Screen Shot 2019-11-13 at 3 42 52 PM

  • I am confused as to why do I still see a difference between the arrangement of my scaffolds and the reference I used.
  • I understand that my assembly has some extra sequence that is not present in the reference, but I don't understand why that inverted segment on the right side is not placed in the correct spot and orientation.

Let me know if you have any tips to help me understand this.

Hi there,

I have 3 recommendations for you:

  1. Try lowering the values for -d and -c. These command line arguments are currently hidden, but I suggest you try -d 100000 -c 100000 to get higher sensitivity with breaking.

  2. You may need to run ragoo a few times iteratively to make this correction since it only makes on break per contig. Just take the broken contigs from the intermediate output and use those as input into another round of ragoo.

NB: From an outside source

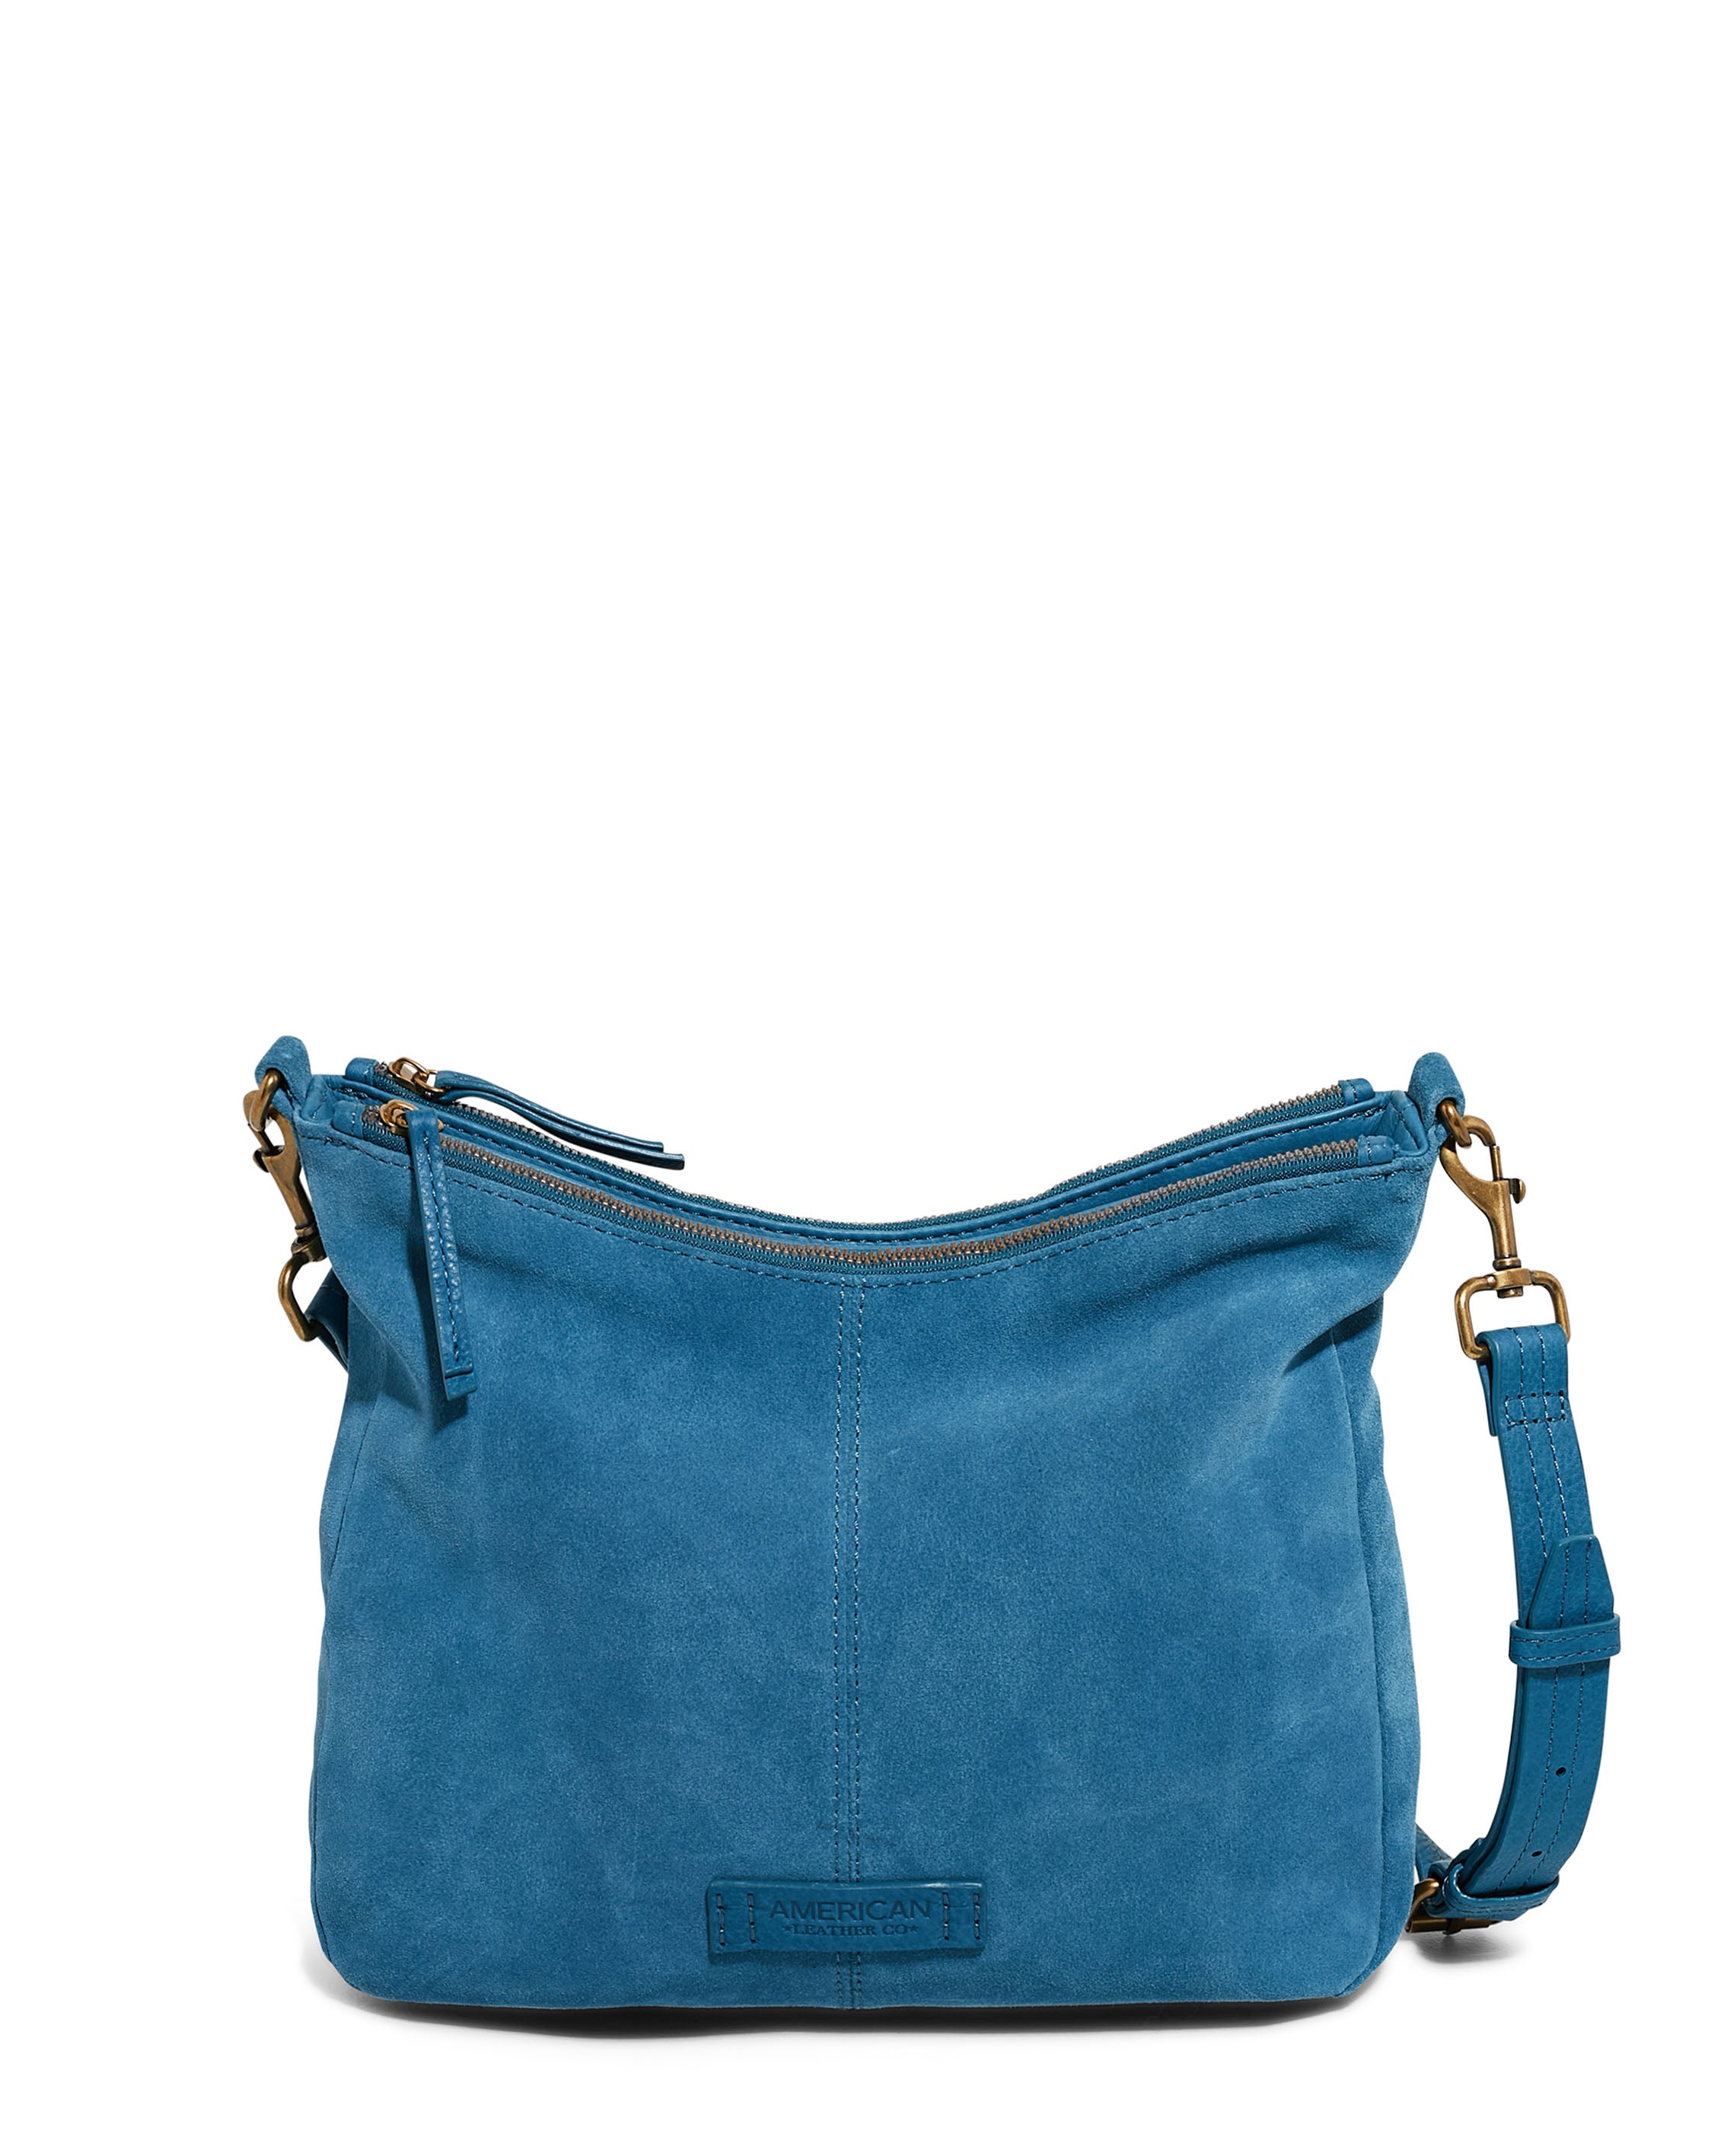 Small turquoise BLUE suede leather bag. Crossbody or shoulder bag in  GENUINE leather. Adjustable strap + zipper. Turquoise suede purse

  3. If you have short reads or error-correct long reads, the best option is to use -T -R to correct misassemblies. This mode generally works better than -b. Though improvements to the -b are currently on my TODO list so as to avoid these sorts of things in the future.

Thanks for the tips!

  • I couldn't find a description of -d and -c behavior. Could you share some info about their meaning?

  • Running RaGOO a second time on the <prefix>.intra.chimera.broken.fa (without -d and -c) did not change the result.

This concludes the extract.